Home 9 Issue 9 shells by Olivia Cai

Olivia Cai, age 17


This is a snapshot from a happy memory of when my grandpa lived with us. It reminds me to cherish the small moments that I may not see the significance of in the moment but will look back on fondly.


that day the sun got tangled
in my grandfather’s graying hair,
twisting gossamer metallic wire
that graced his wisened scalp,
gold and silver that danced and gleamed
like a halo around his face.

we were out to collect nuts from the community woods,
and though i had to text my mom
to remind me if they were walnuts or pecans (they were pecans)
i remember the handle
of the little wooden basket digging
into my arm,
leaving soft indents in
the remnant malleability of infancy.
i remember honeyed rays dripping
through the trees,
dappling the grass
and our faces with gentle kisses of light.
that warm, sweet scent of the forest sticks fresh in my mind as if it were yesterday
despite the uncountable number
of yesterdays that have passed between.

my grandfather’s hands were creased and familiar
as they guided mine,
baby-smooth, to close my fingers
around a pecan nestled in the verdant forest floor.

that version of me
is as much of a stranger as another
person would be,
but i can imagine myself
laughing as the blades tickled my knuckles.

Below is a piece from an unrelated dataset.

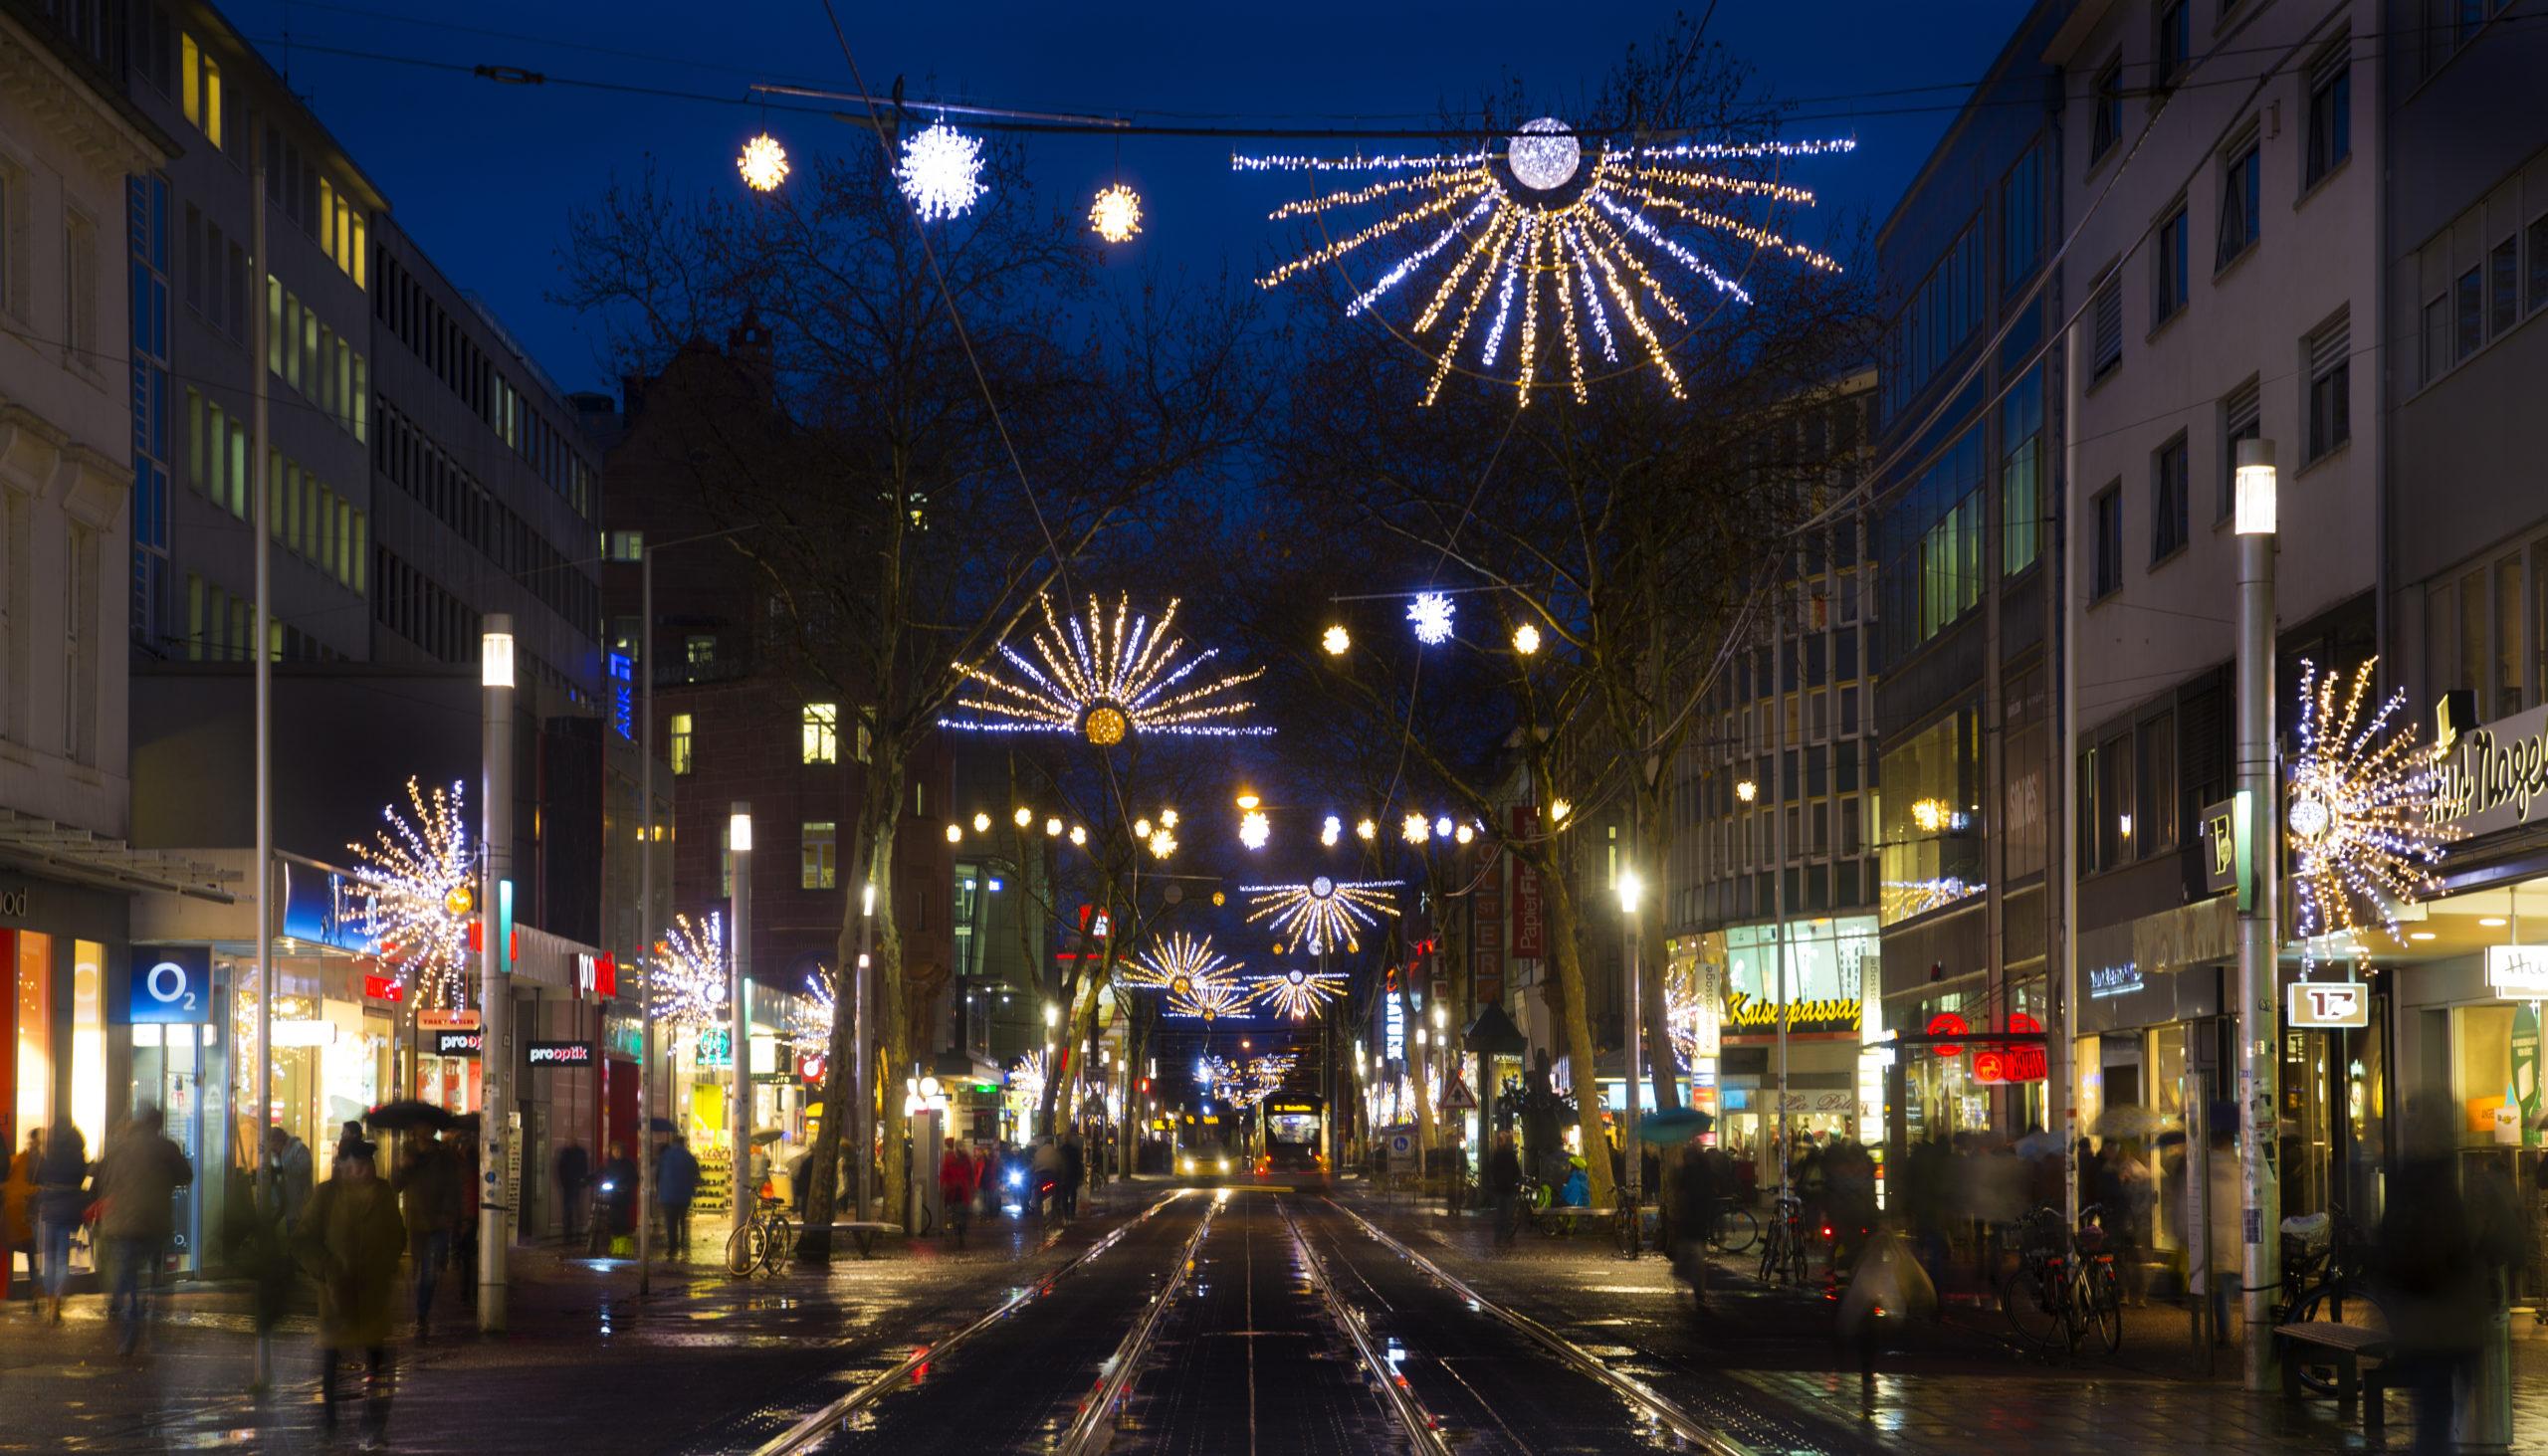 2017 DE Karlsruhe City

once our basket was overflowing
and my grandfather had taken it from me
to lighten my load,
he took my hand in his free one
and we walked home
past the lake with the geese i was afraid of.

the nuts chattered as
they tumbled onto a worn cutting board,
my grandfather’s deft hands splitting
their shells with a hammer.
i sat on a dusty green plastic stool,
swinging my socked feet
and reciting chinese poems
as he arranged them on a tray to
dry out in the oven.

it’s been years since i last ate a roasted pecan from my grandfather’s hand,
but the barely-there memory of the taste spins
like a mirage that dissolves quickly on the tip of my tongue.